Problems with eyewitness testimony in courts continue to raise concerns across the country. In a recent article, Do You Believe What Witnesses See?, the Baltimore Sun explores the unreliability of eyewitness testimony relating to a ruling from the Maryland Court of Appeals regarding Tavon Bomar’s murder conviction.
The trial court’s conviction of Bomar was based primarily on eyewitness testimony from a Detective who described the gunman as a “black male”. The Detective and another eyewitness, a bar patron, picked Bomar from a photo array. The bar patron later recanted his identification, so the trial court relied on the Detective’s testimony to return a guilty finding.
Bomar appealed the trial court’s decision to preclude expert testimony about the unreliability of eyewitness identification. The Maryland Court of Appeals upheld Bomar’s conviction and held that the admission of expert testimony would have confused jurors. In a small concession the Court acknowledge that, “we appreciate that scientific advances have revealed a novel or greater understanding of the mechanics of memory that may not be intuitive to a layperson…thus it is time to make clear that trial courts should recognize these scientific advances in exercising their discretion whether to admit expert testimony in a particular case.”

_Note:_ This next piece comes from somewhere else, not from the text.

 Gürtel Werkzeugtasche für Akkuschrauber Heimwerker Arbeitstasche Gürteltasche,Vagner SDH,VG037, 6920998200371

Social scientists studying human memory and perception for over 20 years have turned much of our understanding of the topic on its head. Perceptual psychology research has proven that the memory does not work like a movie camera. Instead of reliable movie-camera-like playback, the memory is flawed. Memory is prone to contamination. Often contamination results from unintentionally suggestive practices by the investigator.
For instance, lineup procedures or methods of displaying photo arrays cause the witness’s memory to be changed/contaminated to the point that he/she picks the wrong person from the lineup/array and actually imagines and subsequently believes his/her unreliable memory. 60 Minutes interviewed one of the preeminent researchers on this topic, Dr. Gary Wells.

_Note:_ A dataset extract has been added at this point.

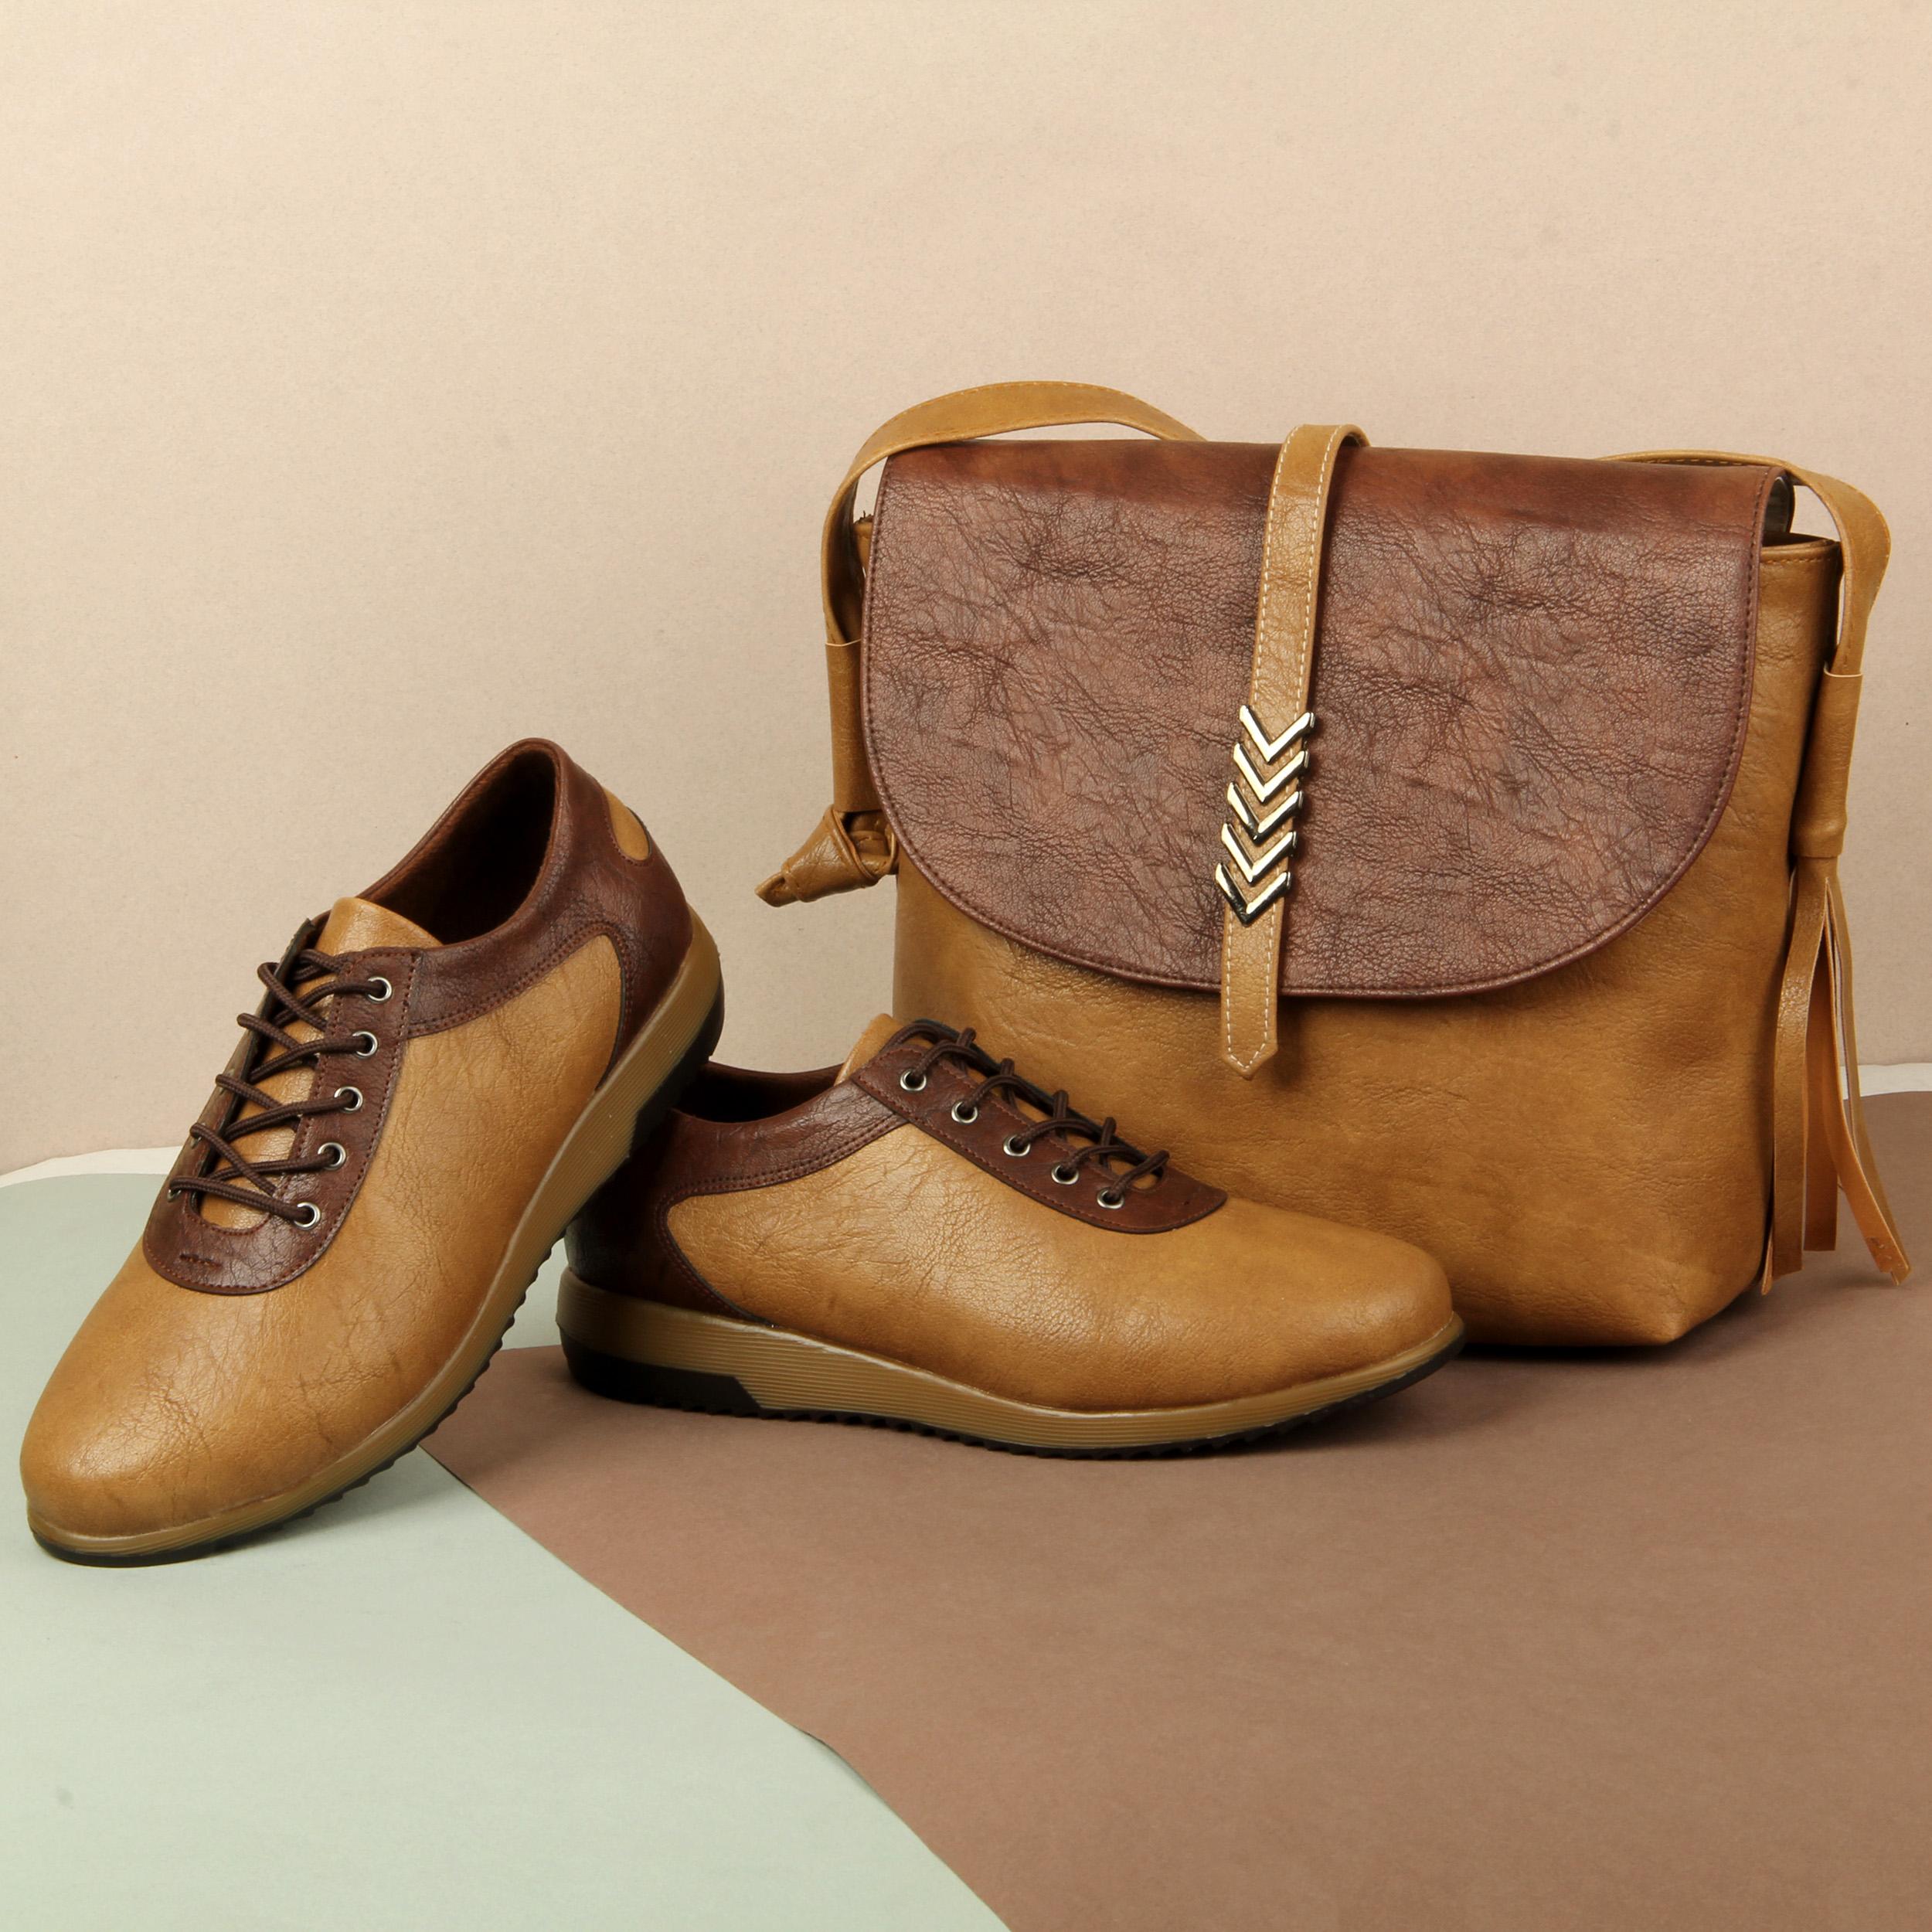 ست کیف و کفش زنانه باب مدل ثمین کد 928-3 main 1 10

Perceptual limitation as well memory contamination is known to cause eyewitness misidentification. Another cause of faulty eyewitness testimony stems from distraction. In What Clown on a Unicycle? Studying Cellphone Distraction the New York Times Blog commented on a study conducted by researchers at Western Washington University. The study noted that only 8 percent of the participants [eyewitnesses] talking on cell phones accurately observed their surroundings . The study tested whether or not the participants walking through a park observed a unicycling clown ride through its center. One of the researchers, Dr. Hyman, said of the participants that “they put their eyes on things, but they don’t see it”.

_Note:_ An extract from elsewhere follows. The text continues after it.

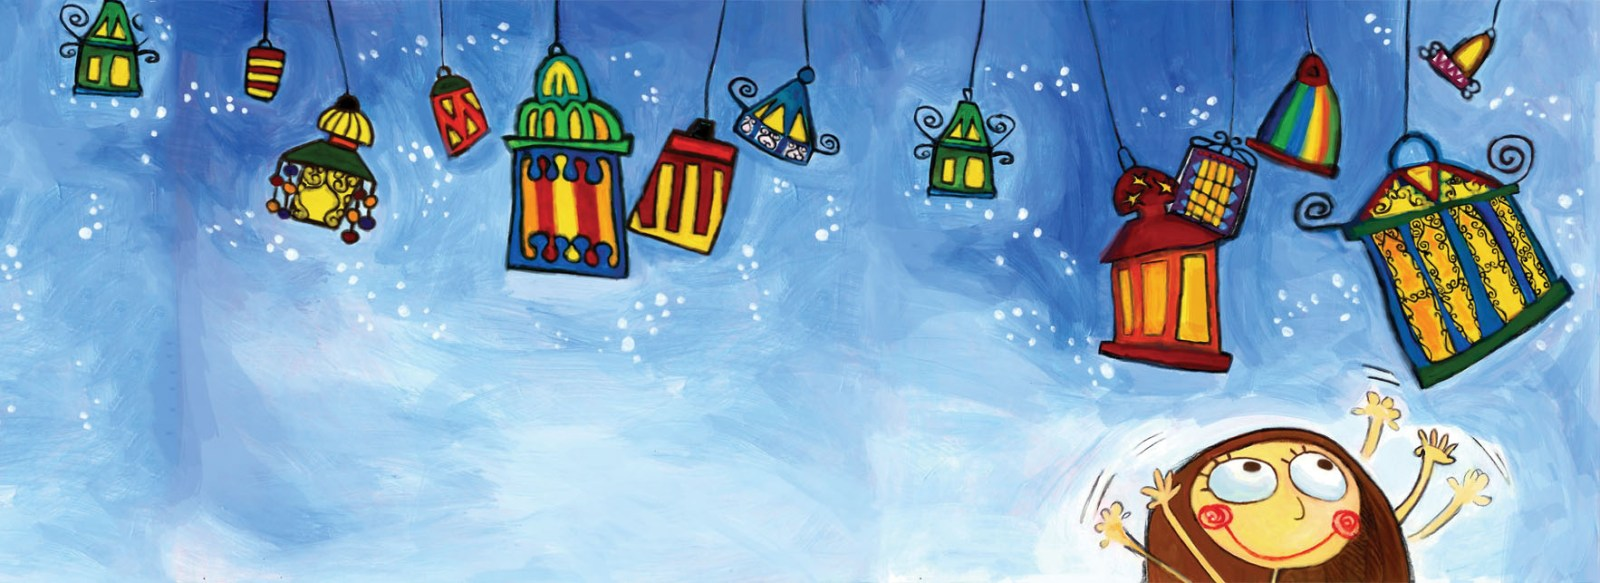 8 فوائد لشهر رمضان قد تنعكس على نفسية الطفل

Take your own awareness test and see how you do.
The limited ability of eyewitnesses to observe accurately coupled with memory fragility becomes highly problematic when eyewitness misidentifications cause wrongful convictions. This is why the Pennsylvania Innocence Project advocates for changes in eyewitness cases, including giving instructions to the witness to minimize the likelihood of a misidentification and the admission of expert testimony on the vagaries of eyewitness identification at trials.